Distribution-based Emotion Recognition in Conversation
Wen Wu, Chao Zhang, Philip C. Woodland
TL;DR
Distribution-based ERC frames each utterance as a probability distribution over emotion classes and models dialogue as a sequence of distributions. It combines a dialogue-level Transformer with utterance-specific Dirichlet priors via a Dirichlet Prior Network (DPN) and utilizes SSL-based audio-text representations for robust multi-modal cues. The approach enables using all utterances, improves uncertainty estimation (AUPR) and achieves higher accuracy than single-utterance baselines on IEMOCAP. This work advances emotion-aware conversational AI by explicitly modelling uncertainty and cross-utterance dynamics.
Abstract
Automatic emotion recognition in conversation (ERC) is crucial for emotion-aware conversational artificial intelligence. This paper proposes a distribution-based framework that formulates ERC as a sequence-to-sequence problem for emotion distribution estimation.

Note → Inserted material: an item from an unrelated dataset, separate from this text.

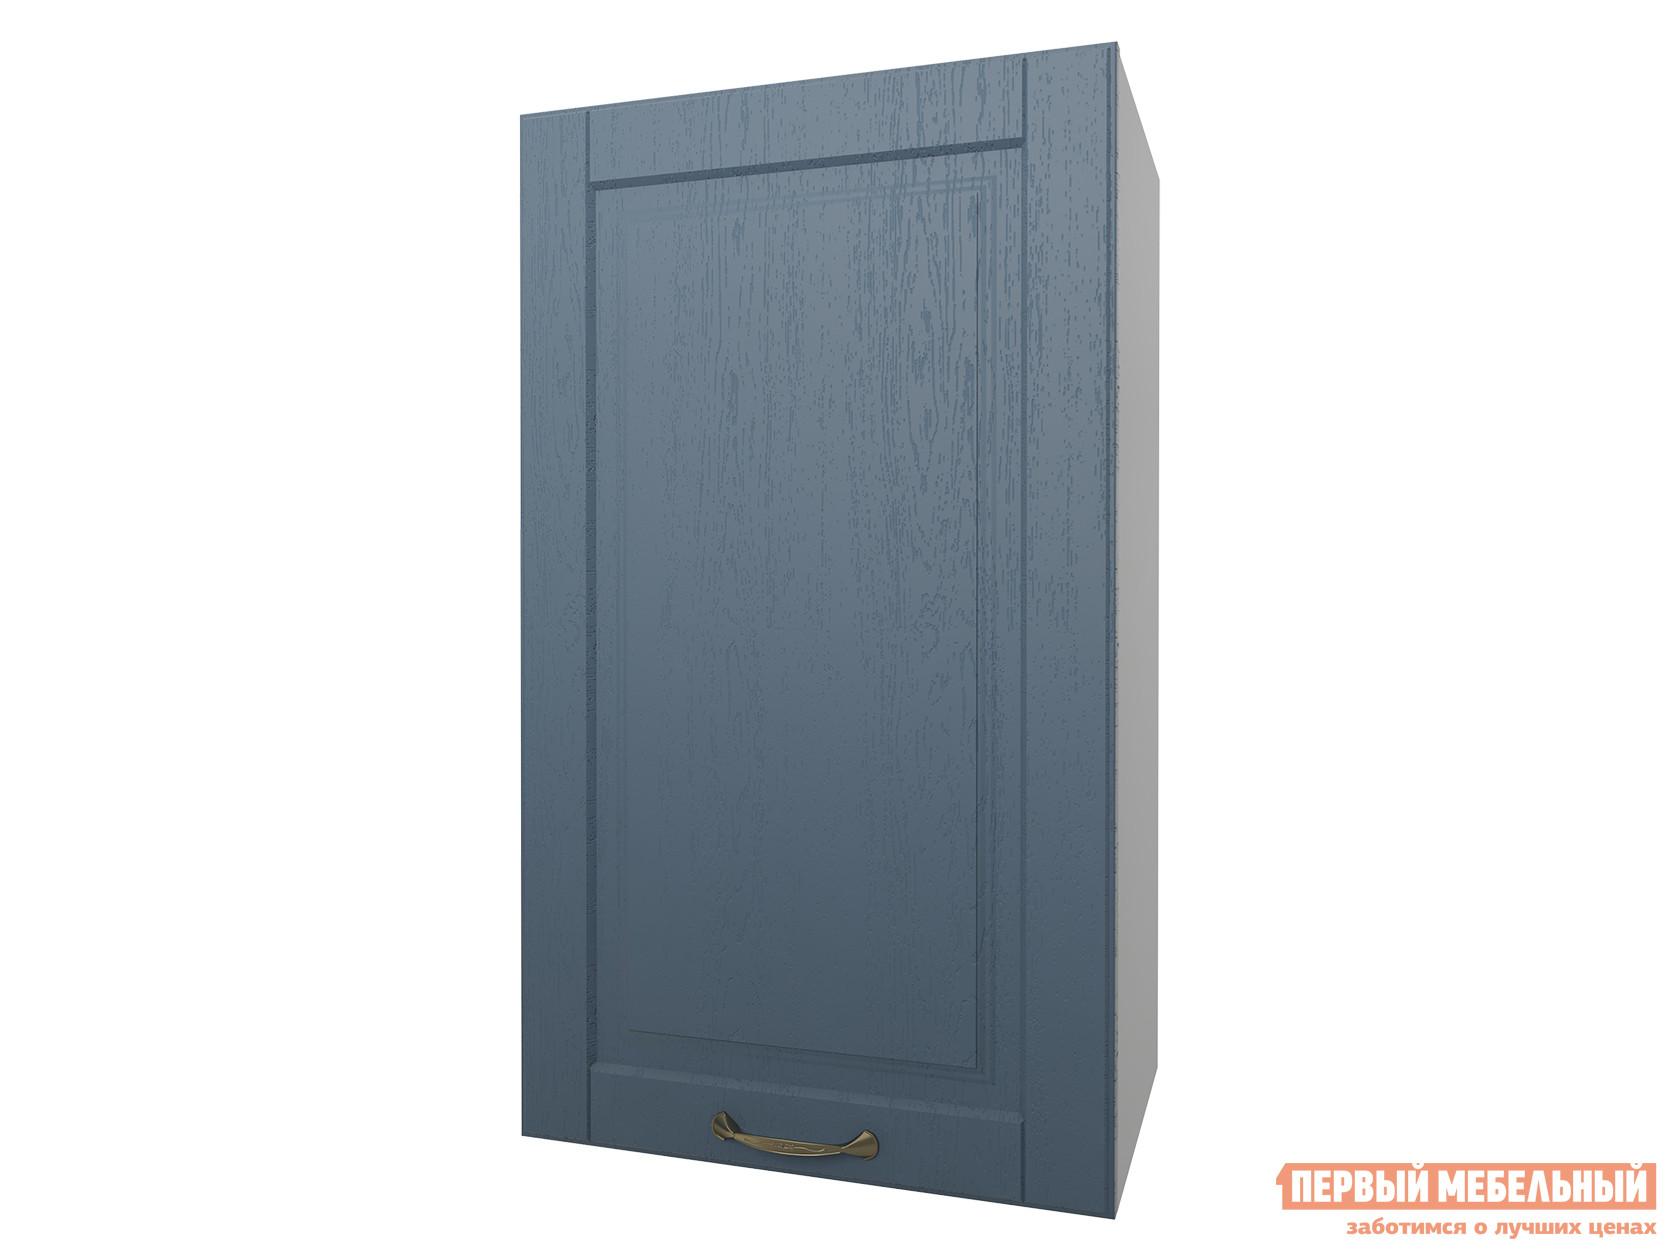 Шкаф с полками ПМ: РДМ Шкаф 1 дверь 40 см Палермо Деним

The inherent ambiguity of emotions and the subjectivity of human perception lead to disagreements in emotion labels, which is handled naturally in our framework from the perspective of uncertainty estimation in emotion distributions. A Bayesian training loss is introduced to improve the uncertainty estimation by conditioning each emotional state on an utterance-specific Dirichlet prior distribution. Experimental results on the IEMOCAP dataset show that ERC outperformed the single-utterance-based system, and the proposed distribution-based ERC methods have not only better classification accuracy, but also show improved uncertainty estimation.